In March 2022 a flight between Seattle and Orlando was detained on the runway at Orlando International Airport until police decided a hijack threat was "not credible", after a 10-year-old child on board the plane airdropped a threat to another passenger, who alerted the crew.

In May 2022, an AnadoluJet flight between Israel and Turkey was deboarded after Israeli users used AirDrop to share pictures of a Turkish airline crash, leading to at least one injury to a passenger.
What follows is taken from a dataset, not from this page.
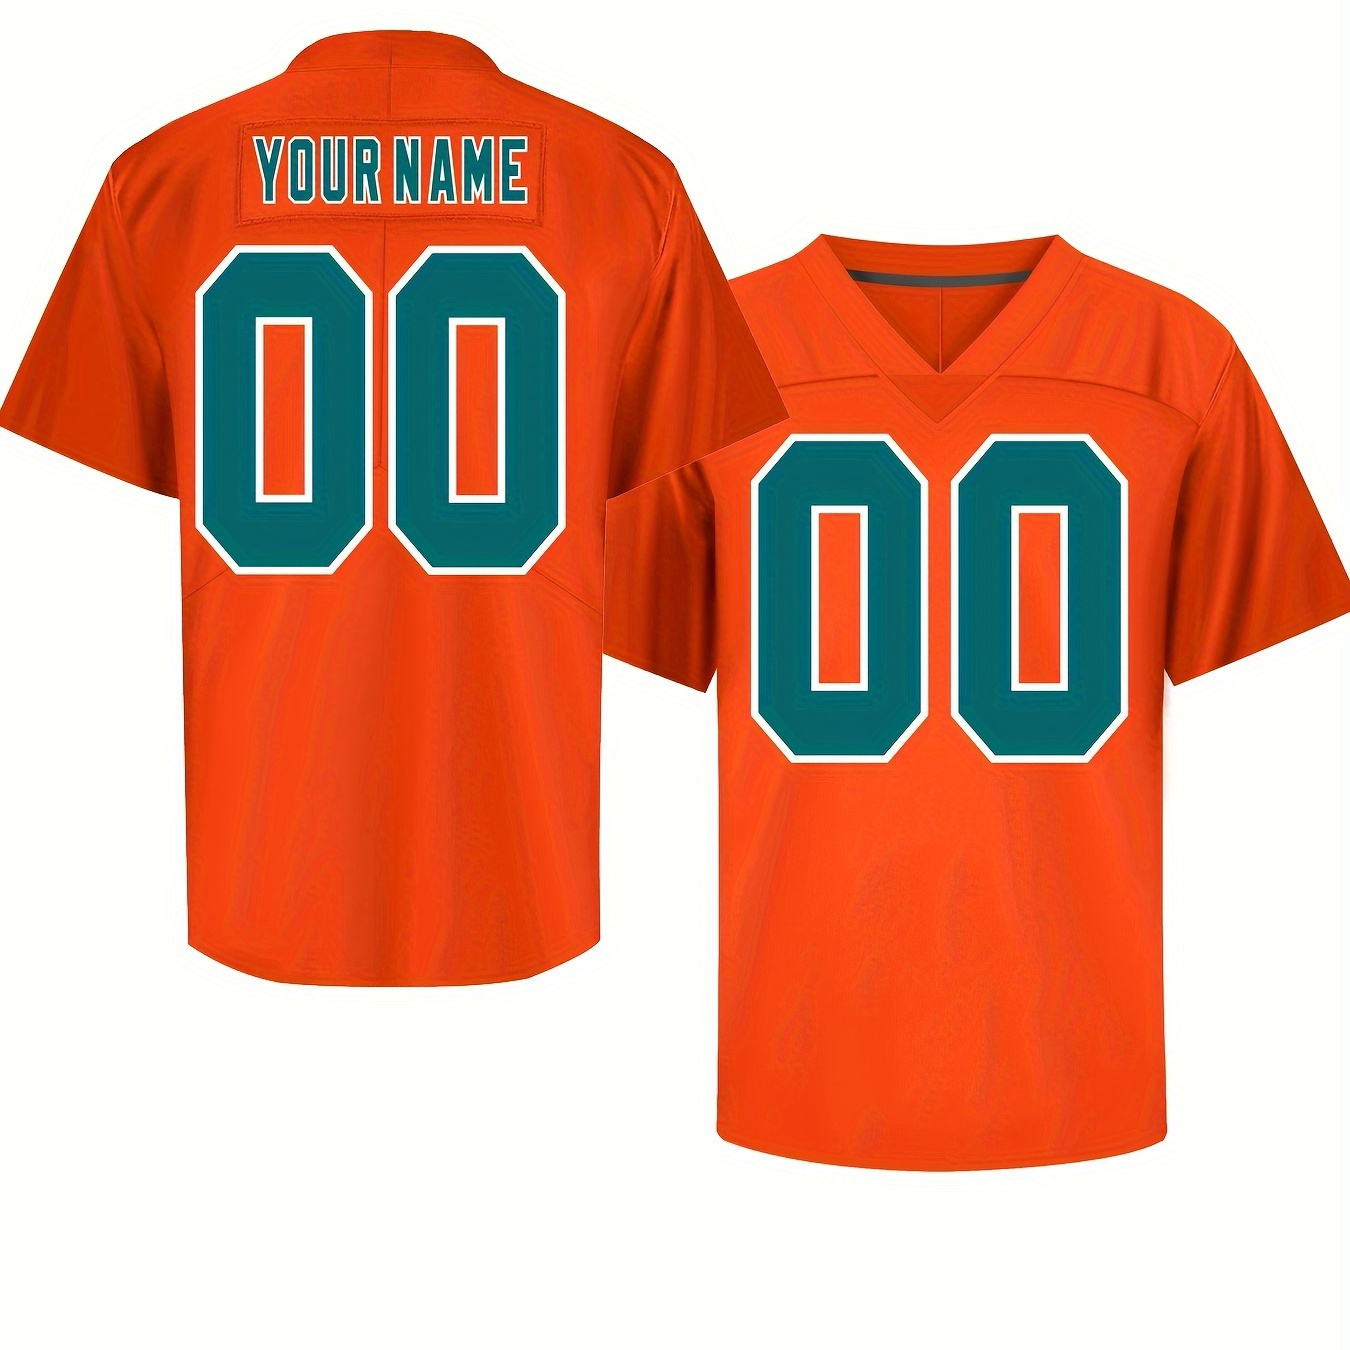 

Customized Name And Number Design, Men's Short Sleeve Loose V-neck Embroidery Personalized American Football Jersey, Outdoor Rugby Jersey For Team Training
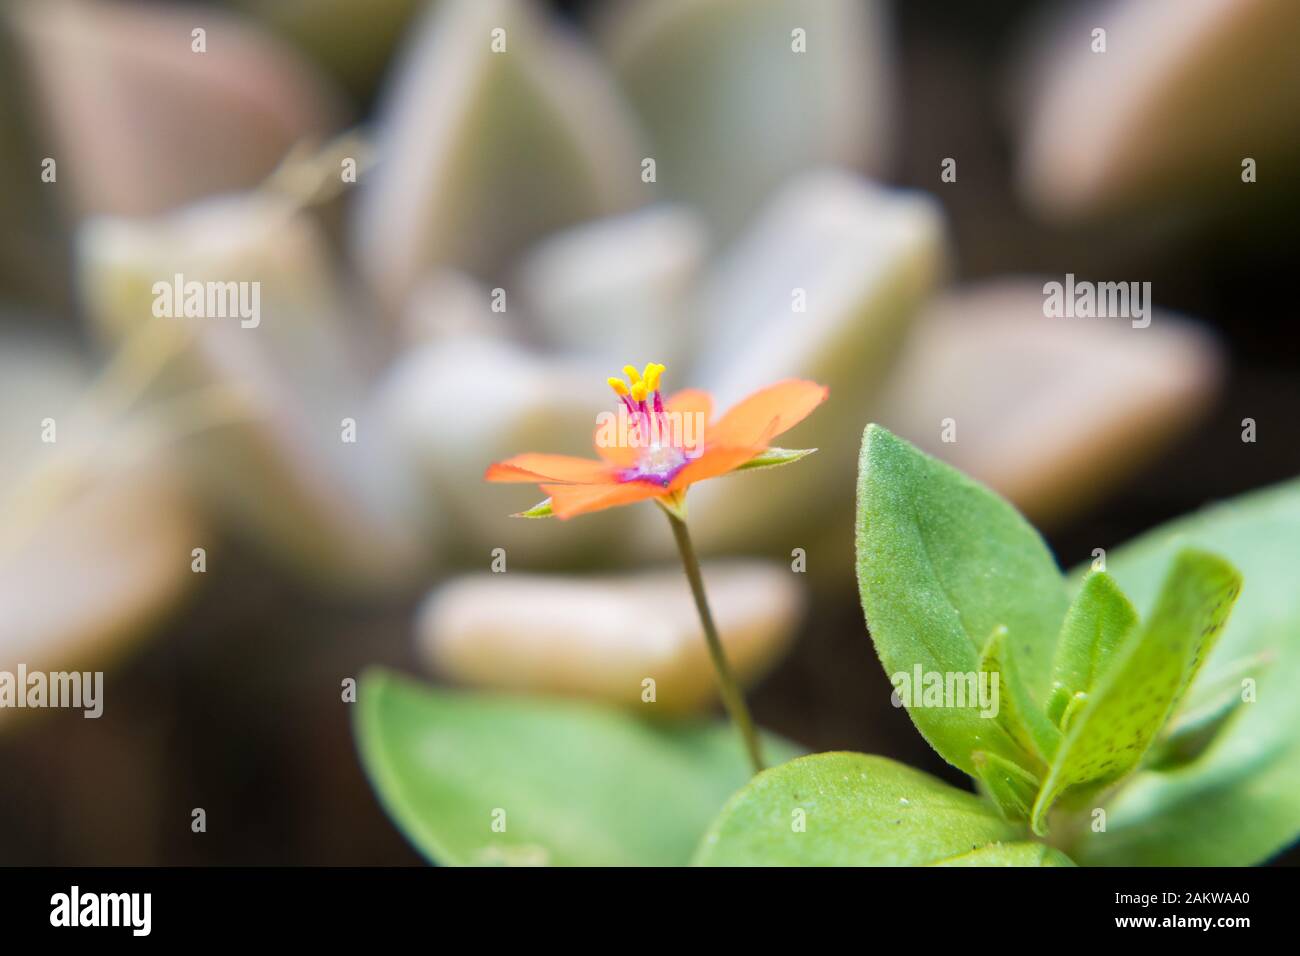 A small but hardy Anagallis blooms among succulents Stock Photo

After a search of the luggage, the flight was reboarded and resumed its trip some hours later.

In July 2022, an 18-year-old Spanish man flying from Rome to Alicante airdropped pictures of skulls and a generic message in Amharic to some of the passengers, before takeoff. As the crew was informed and the captain asked for police intervention, the flight left with a two-hour delay and the young man was charged with false alarm.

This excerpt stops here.